Your task is to copy the listing exactly, with the pictures left out.

Dataset excerpt →

┏━━

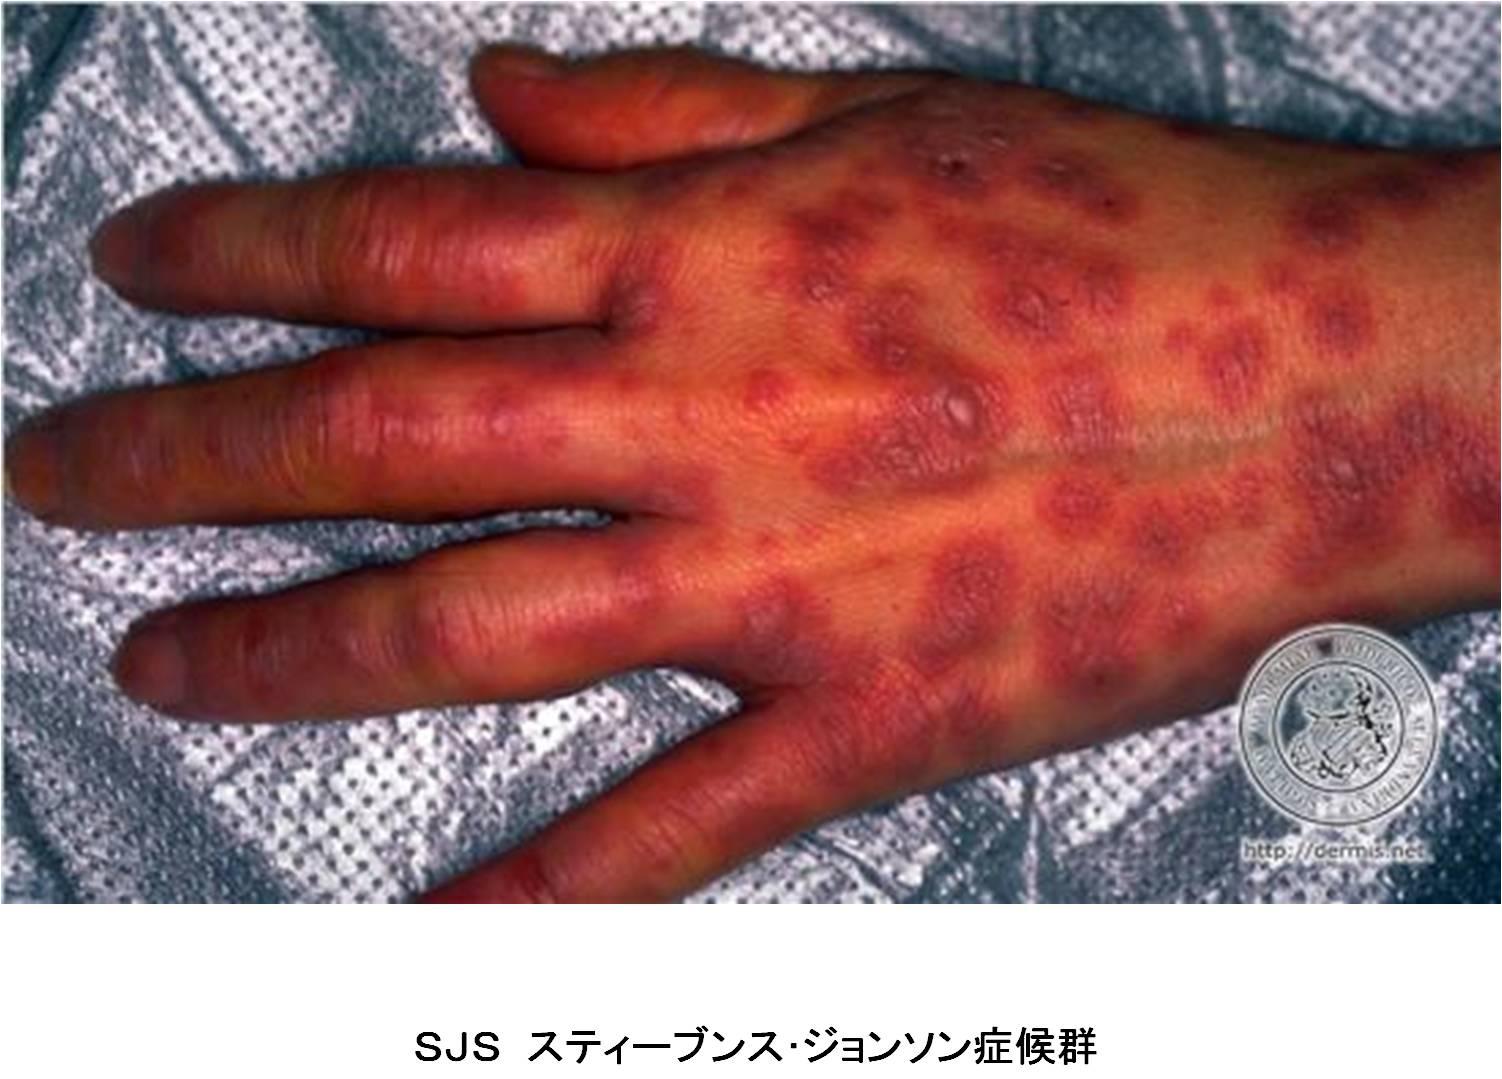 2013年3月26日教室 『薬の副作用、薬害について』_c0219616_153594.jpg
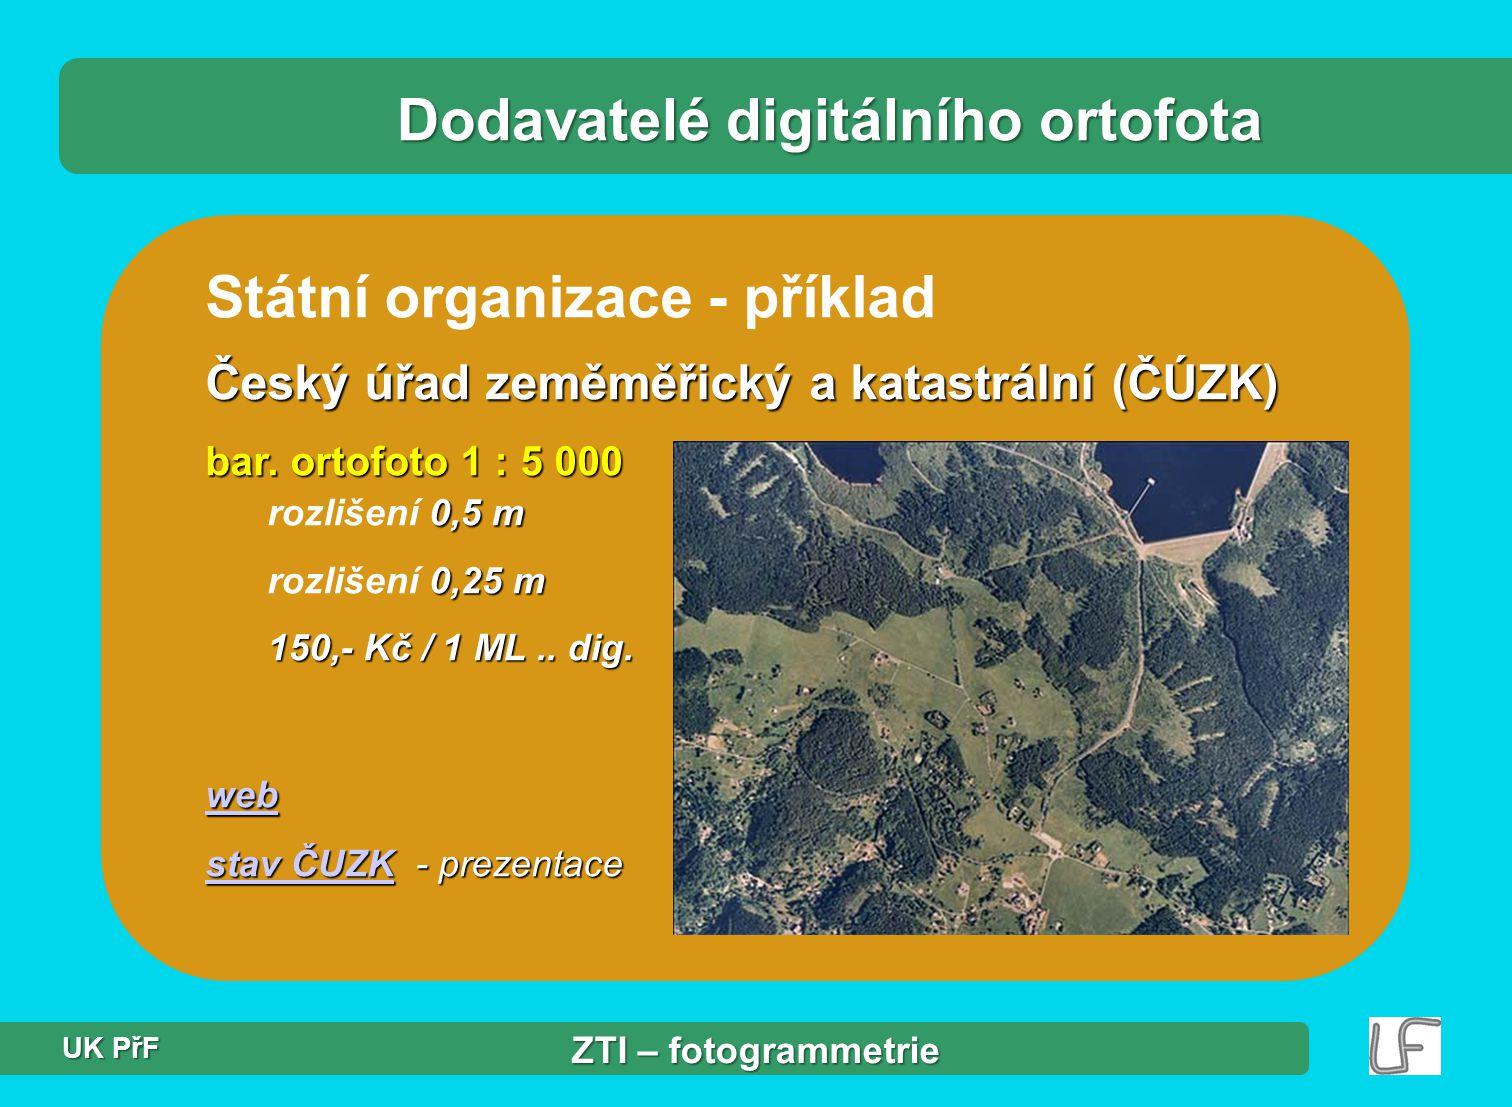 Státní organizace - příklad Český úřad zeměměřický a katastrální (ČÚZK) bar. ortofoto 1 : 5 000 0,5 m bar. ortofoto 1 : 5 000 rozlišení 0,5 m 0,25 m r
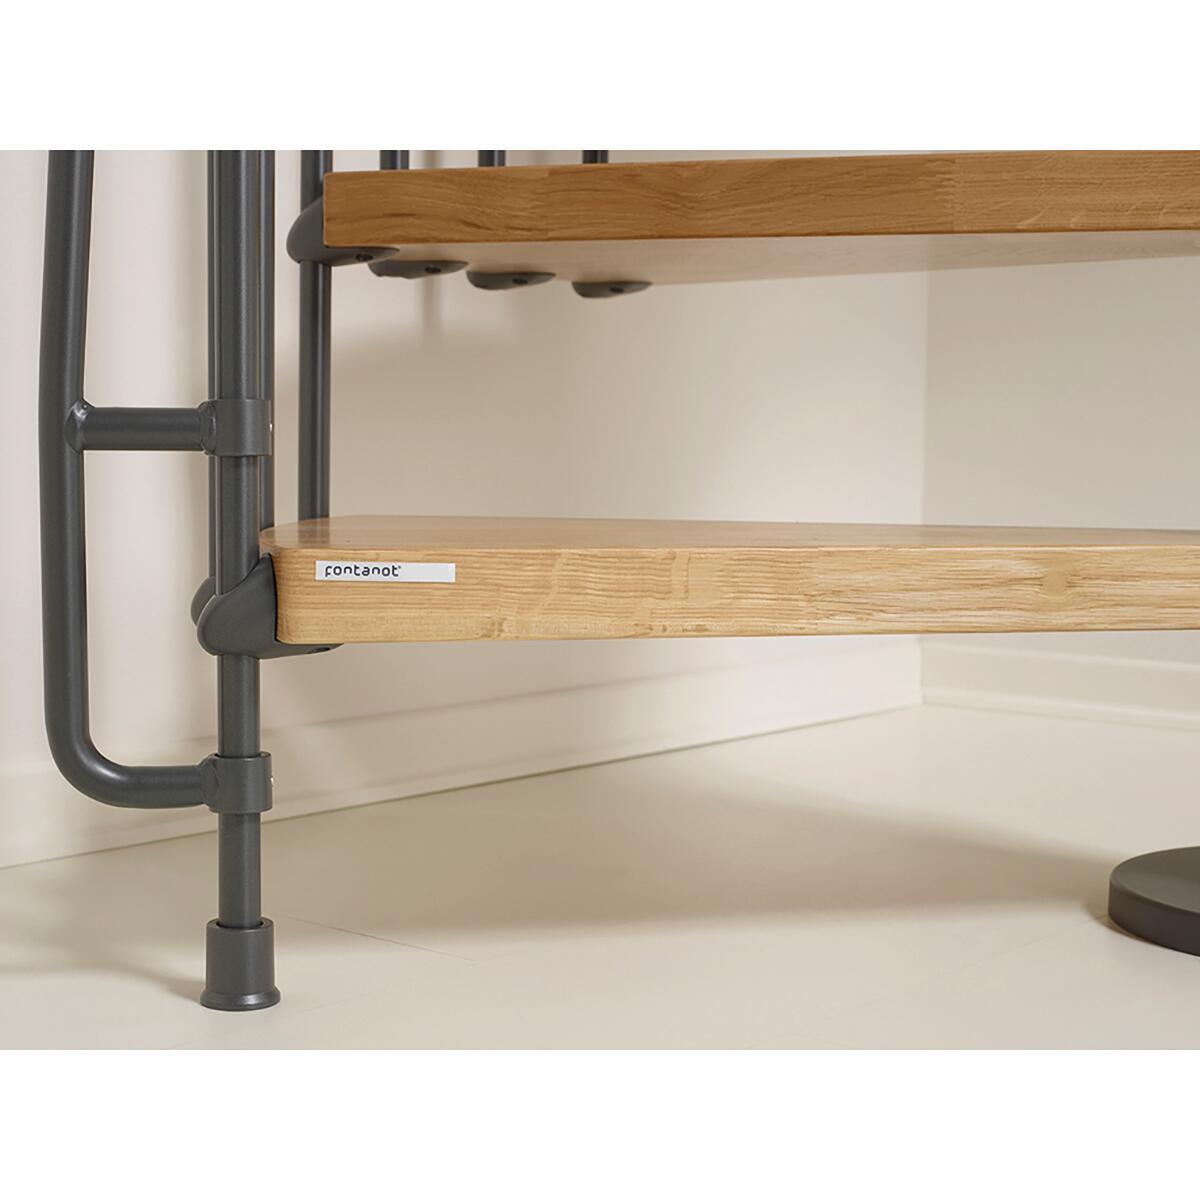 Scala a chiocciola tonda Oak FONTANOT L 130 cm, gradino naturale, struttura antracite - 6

┗━━

Final answer →
 2013年3月26日教室 『薬の副作用、薬害について』_c0219616_153594.jpg
 Státní organizace - příklad Český úřad zeměměřický a katastrální (ČÚZK) bar. ortofoto 1 : 5 000 0,5 m bar. ortofoto 1 : 5 000 rozlišení 0,5 m 0,25 m r
 Scala a chiocciola tonda Oak FONTANOT L 130 cm, gradino naturale, struttura antracite - 6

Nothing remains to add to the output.